■ **Raw data**

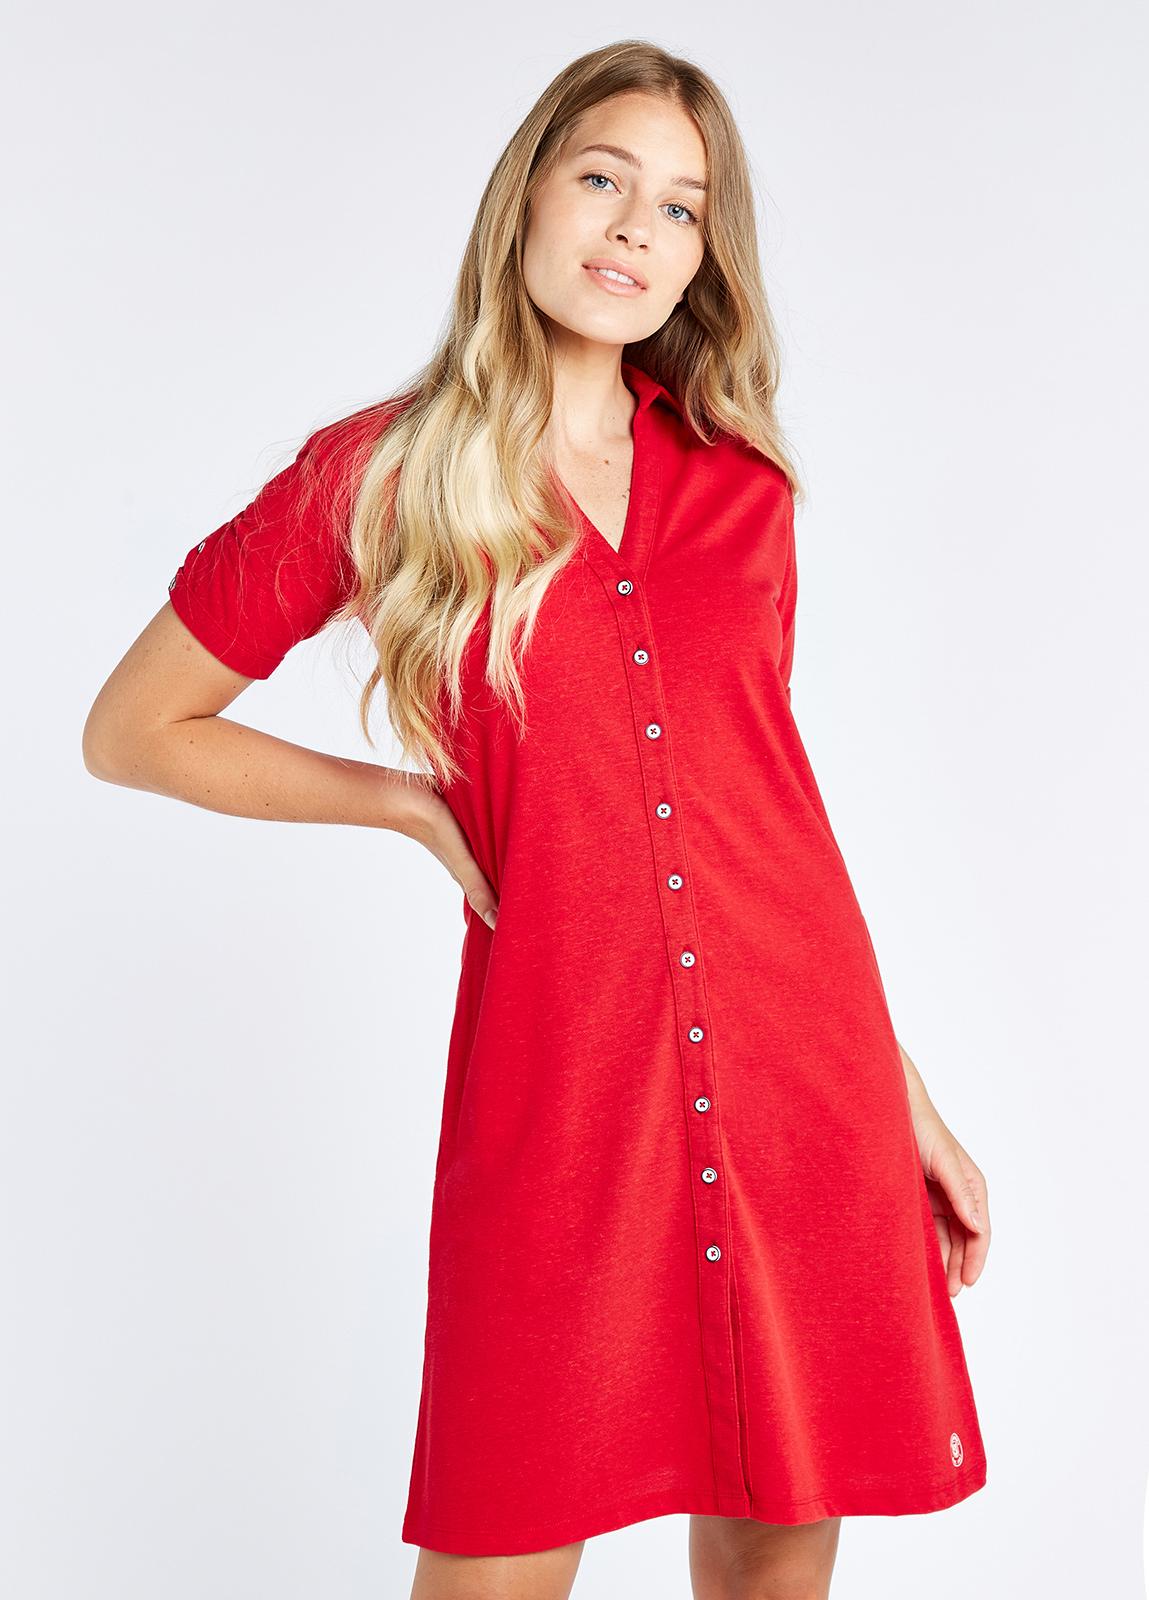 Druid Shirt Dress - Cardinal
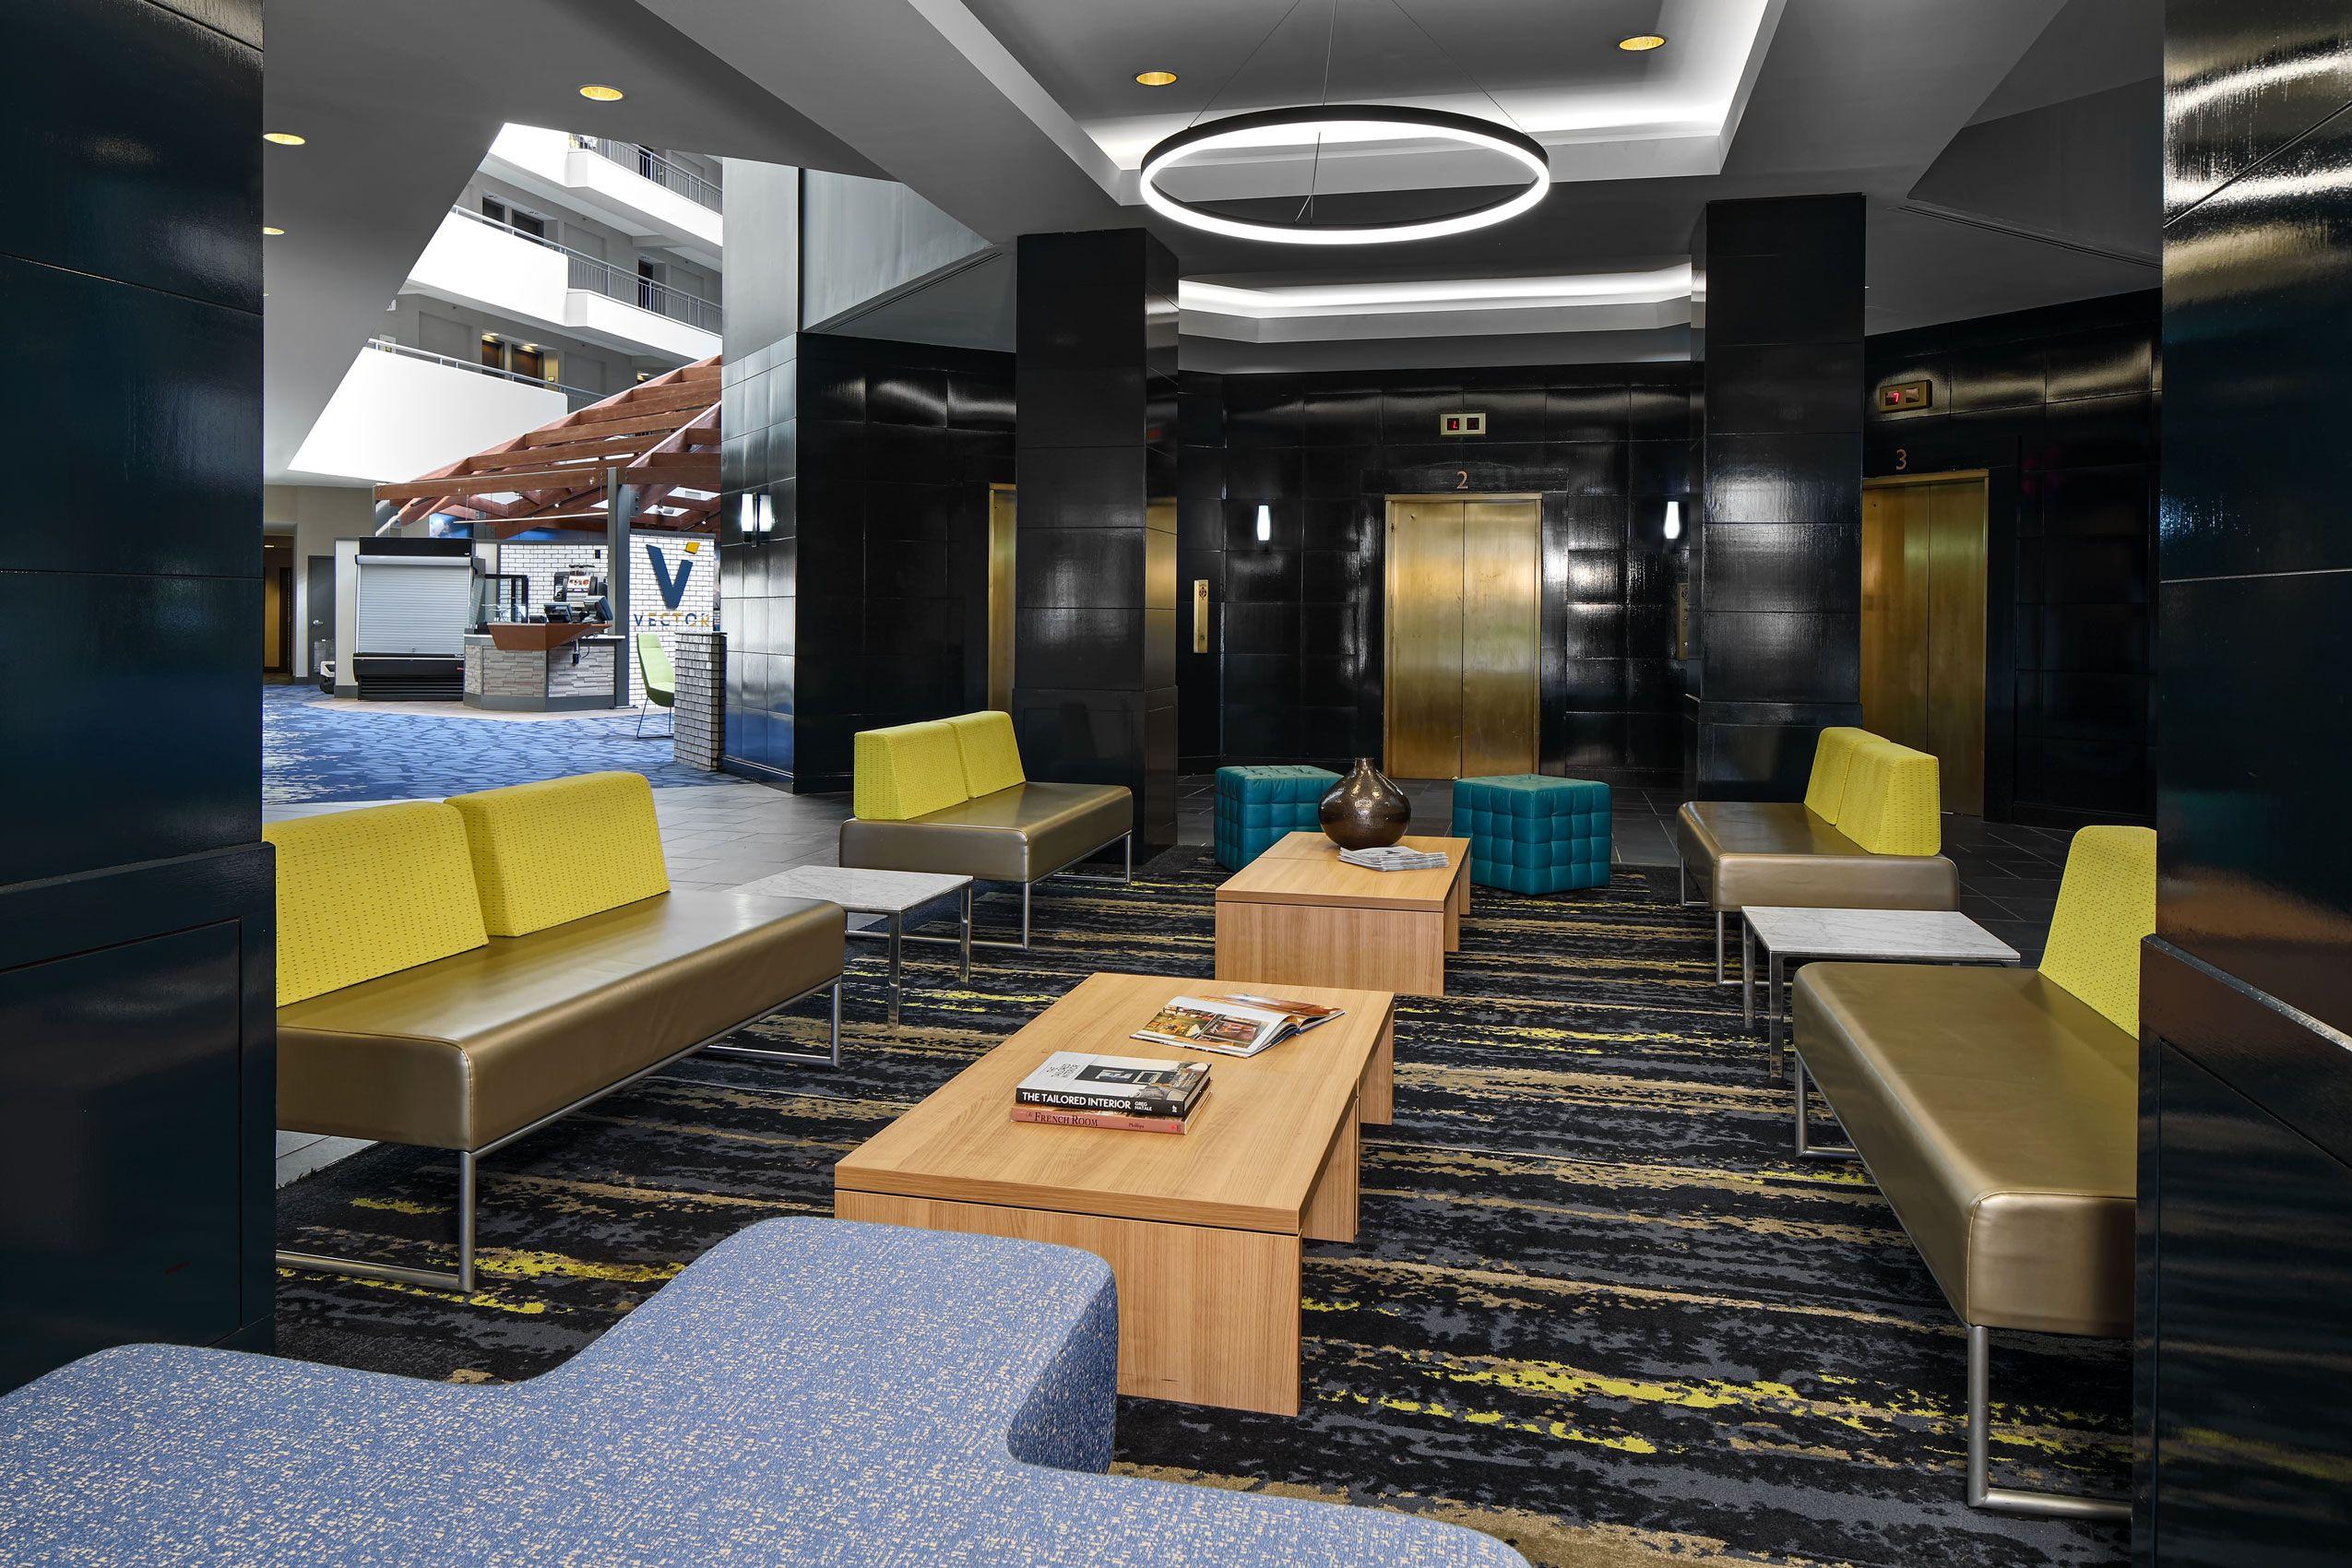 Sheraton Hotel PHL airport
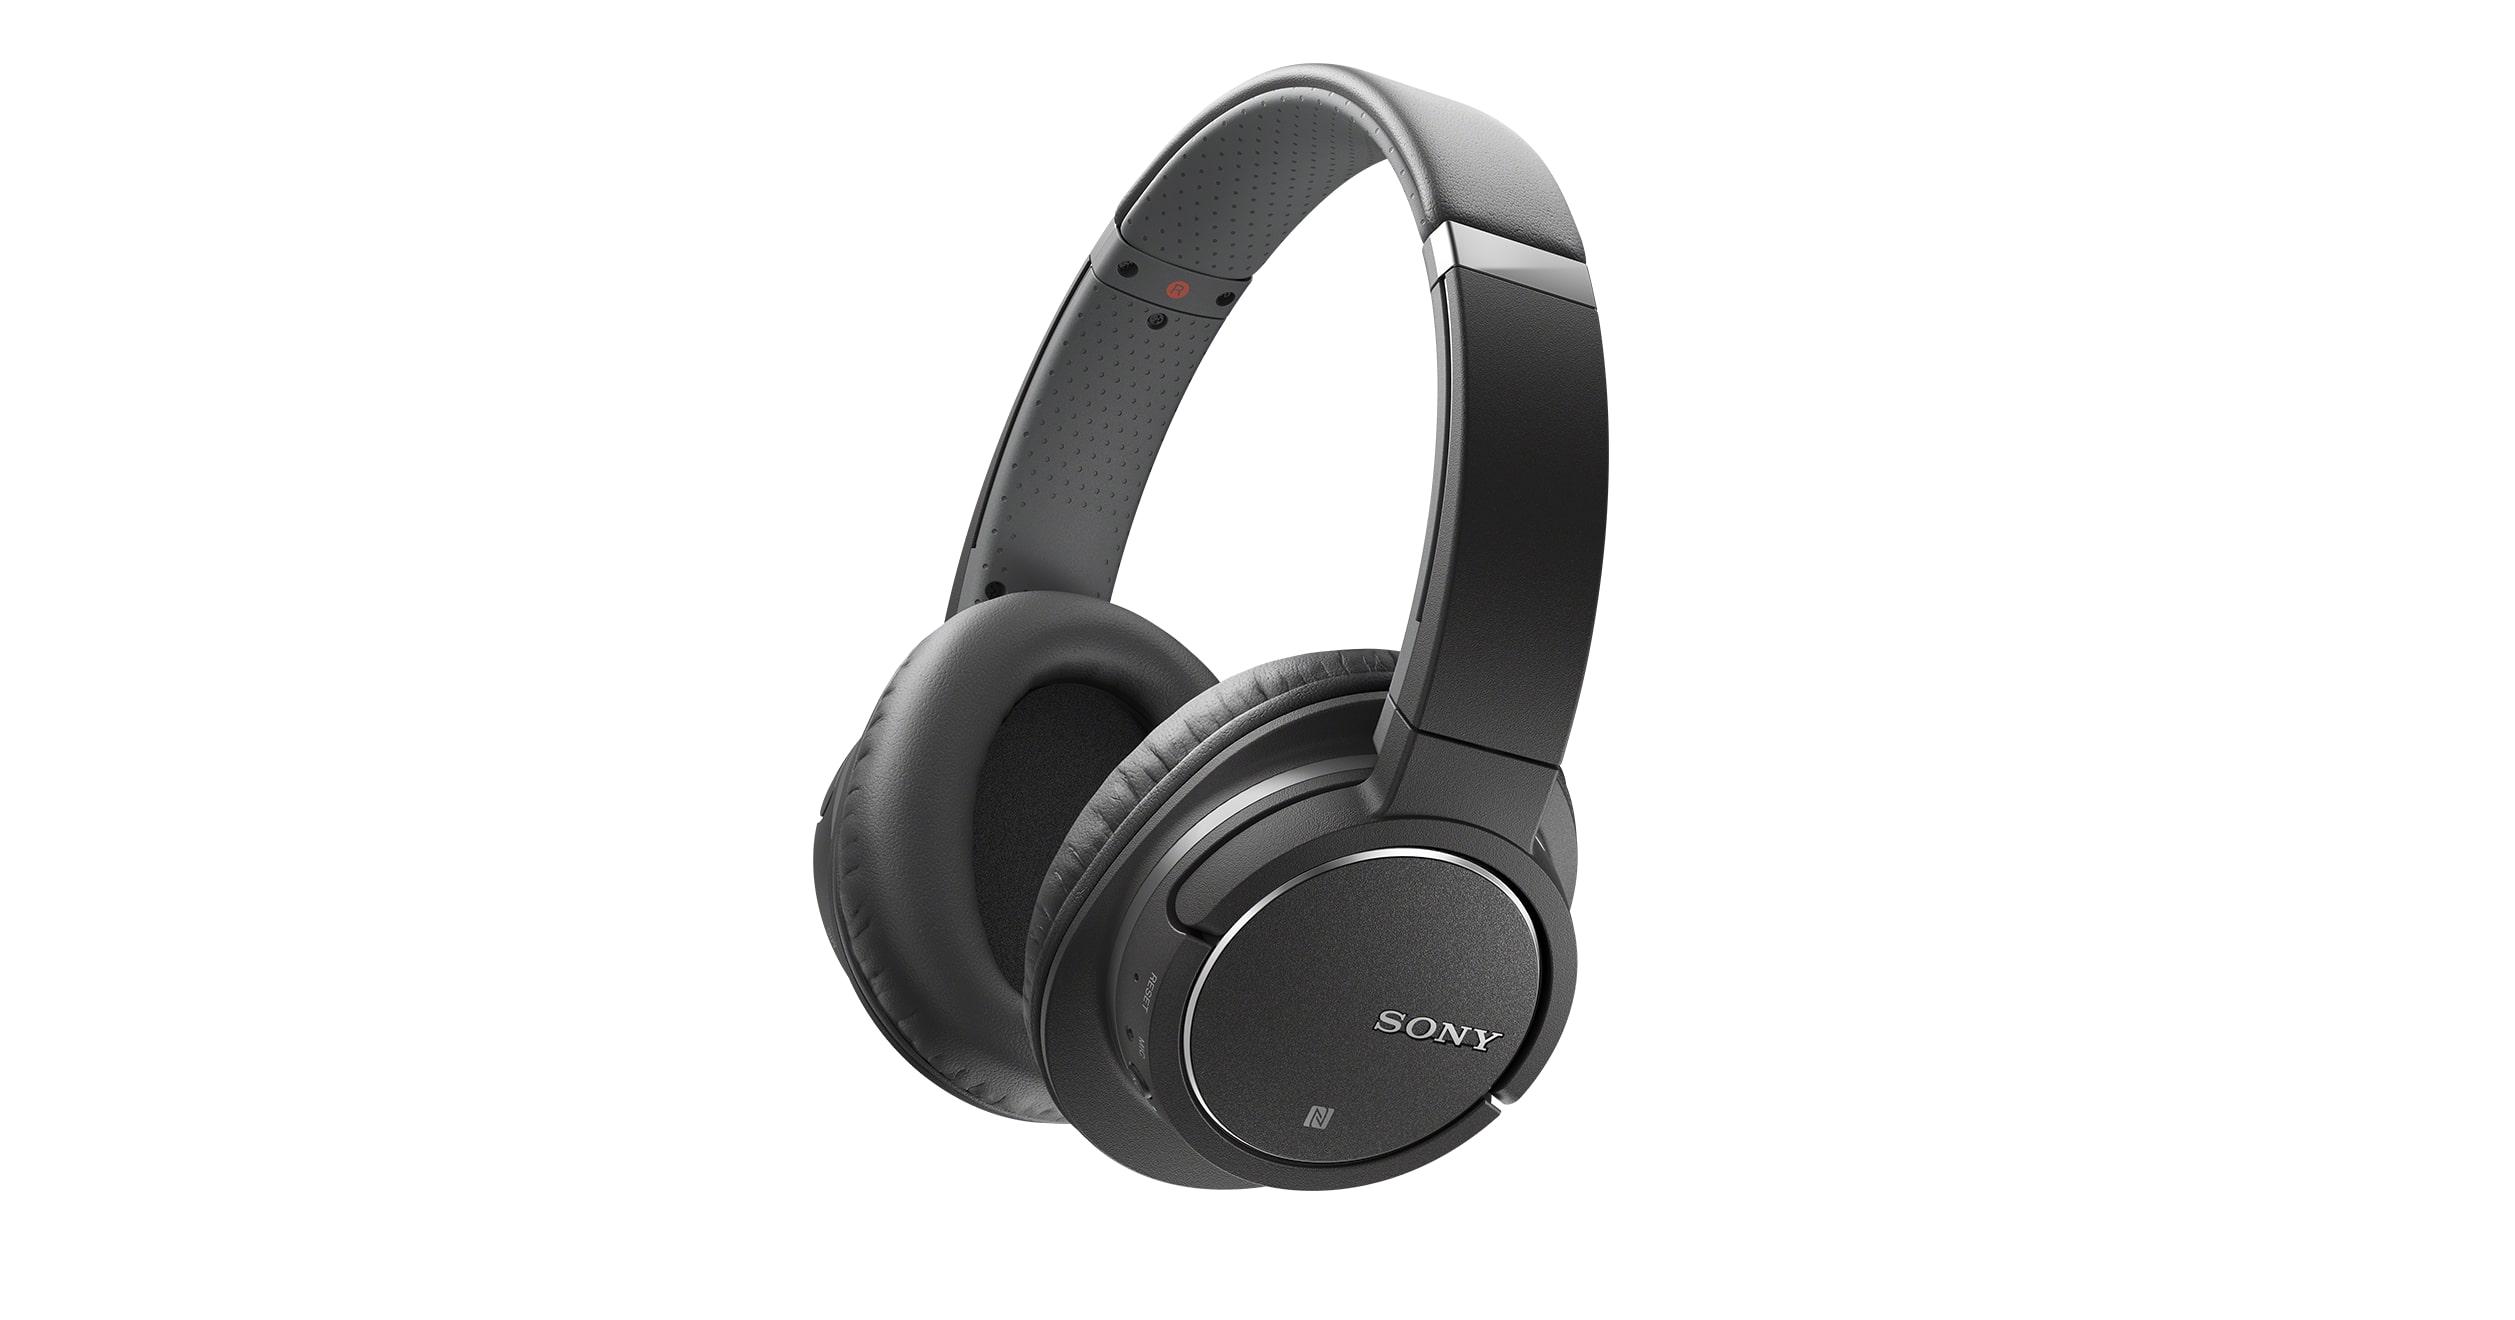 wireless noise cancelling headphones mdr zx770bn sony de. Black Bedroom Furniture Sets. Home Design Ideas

■ **What is required**
Leaving every picture out, please copy exactly the lines from the one holding "Sheraton Hotel PHL airport" through the last line of the listing, both ends included.

■ **Written response**
 Sheraton Hotel PHL airport
 wireless noise cancelling headphones mdr zx770bn sony de. Black Bedroom Furniture Sets. Home Design Ideas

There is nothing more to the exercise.